Winkler Prins Encyclopedie

E. de Bruyne, G.B.J. Hiltermann en H.R. Hoetink (1947)

Gepubliceerd op 04-07-2022

Ulricus huber

betekenis & definitie

Nederlands rechtsgeleerde (Dokkum 13 Mrt 1636 - Franeker 8 Nov. 1694), werd in 1665 hoogleraar in de rechten, in 1679 raadsheer in het Hof van Friesland. Hij behoort tot de uitnemendste juristen van de 17de eeuw.

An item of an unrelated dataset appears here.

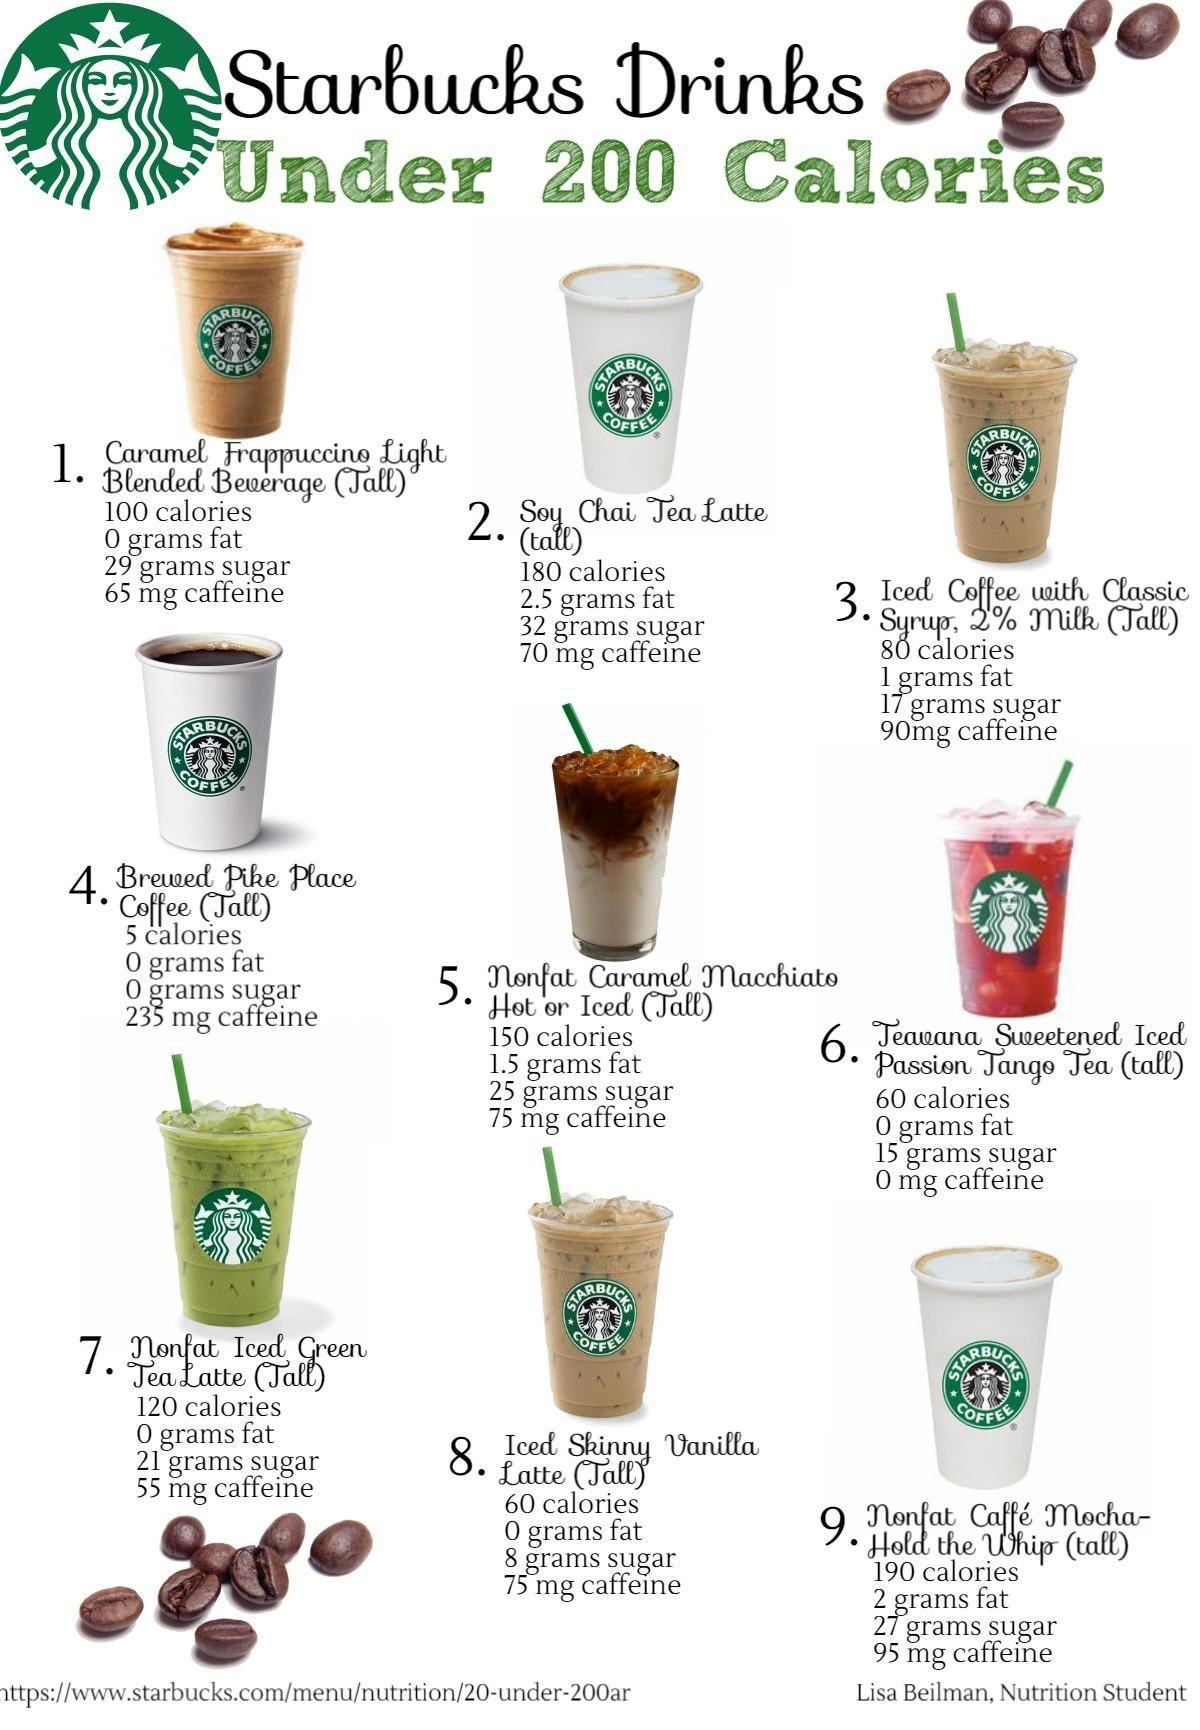 8 Top Cool Ideas Coffee Date Table Coffee Cafe Book Turkish Coffee Mug Coffee Date Favorite Things Healthy Starbucks Starbucks Drinks Recipes Starbucks Drinks
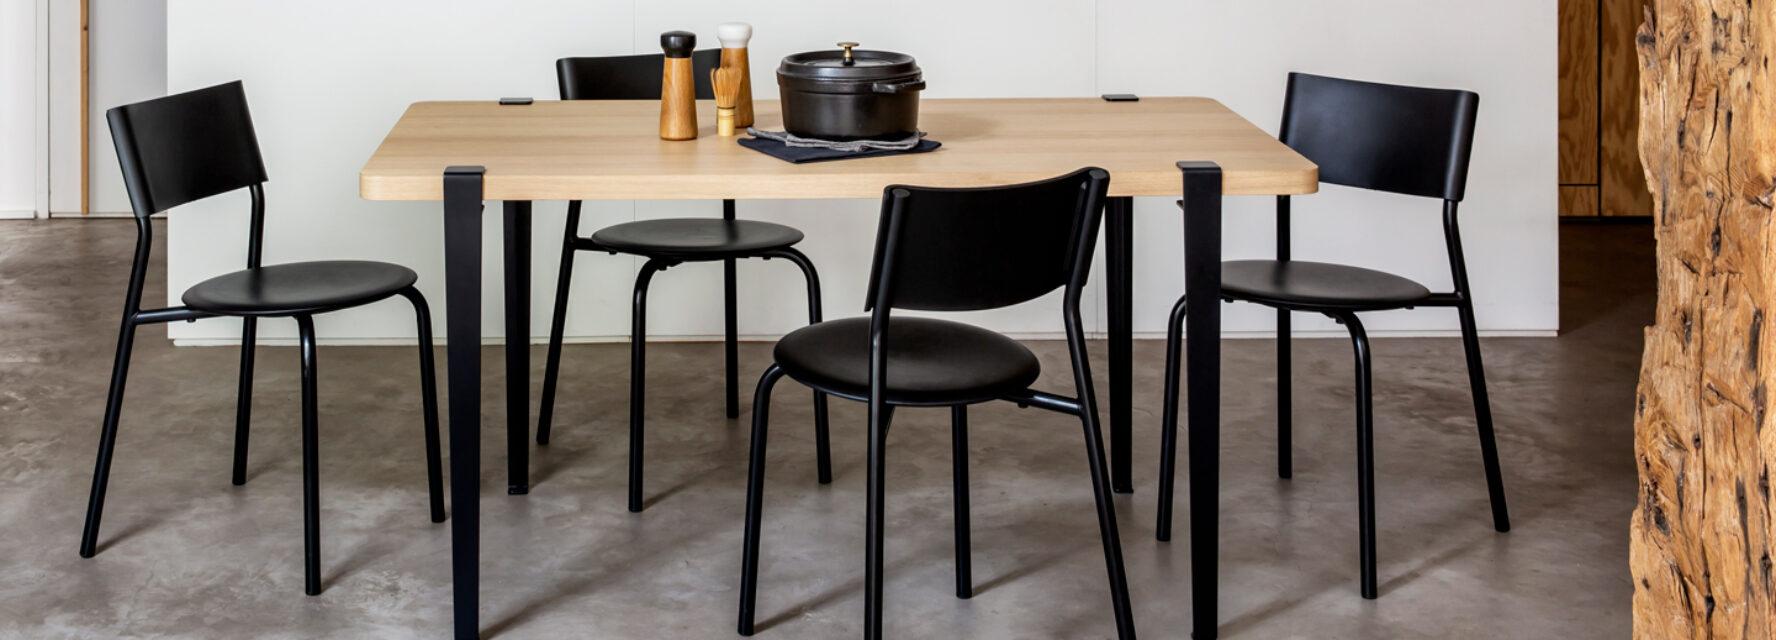 Dining tables - TIPTOE

Zijn Heedendaegse Rechtsgeleertheyt, soo elders als in Frieslandt gebruikelijk (iste uitg. 1686, 5de uitg. 1768) is een onschatbare bron voor de kennis van het Oudfriese recht, maar ook zijn Praelectiones juris romani et hodierni (1689, 1690) hebben grote waarde. Van zijn vele andere geschriften zij hier nog vermeld zijn De jure civitatis libri tres (iste uitg. 1673, uitermate zeldzaam; 3de dr. 1694), een werk over de algemene staatsleer, dat bijdroeg tot zijn internationale vermaardheid en o.m. beschouwingen over vrijheid van arbeid, emigratie, monopolies, prijscontrole en belastingen bevat.Lit.: R. D. Kollewijn, Gesch. v. d. Nederl. Wetenschap v. h. intern, privaatrecht tot 1880 (1937), blz. 131 w.; G. v. Vollenhoven, Nationale Staatsrechts studie in Nederl. (1930), blz. 4 w.; E. Albertario verzamelde de door Huber reeds ontdekte interpolaties in de Romeinse rechtsbronnen, zie Filangieri, dl 35, 1910.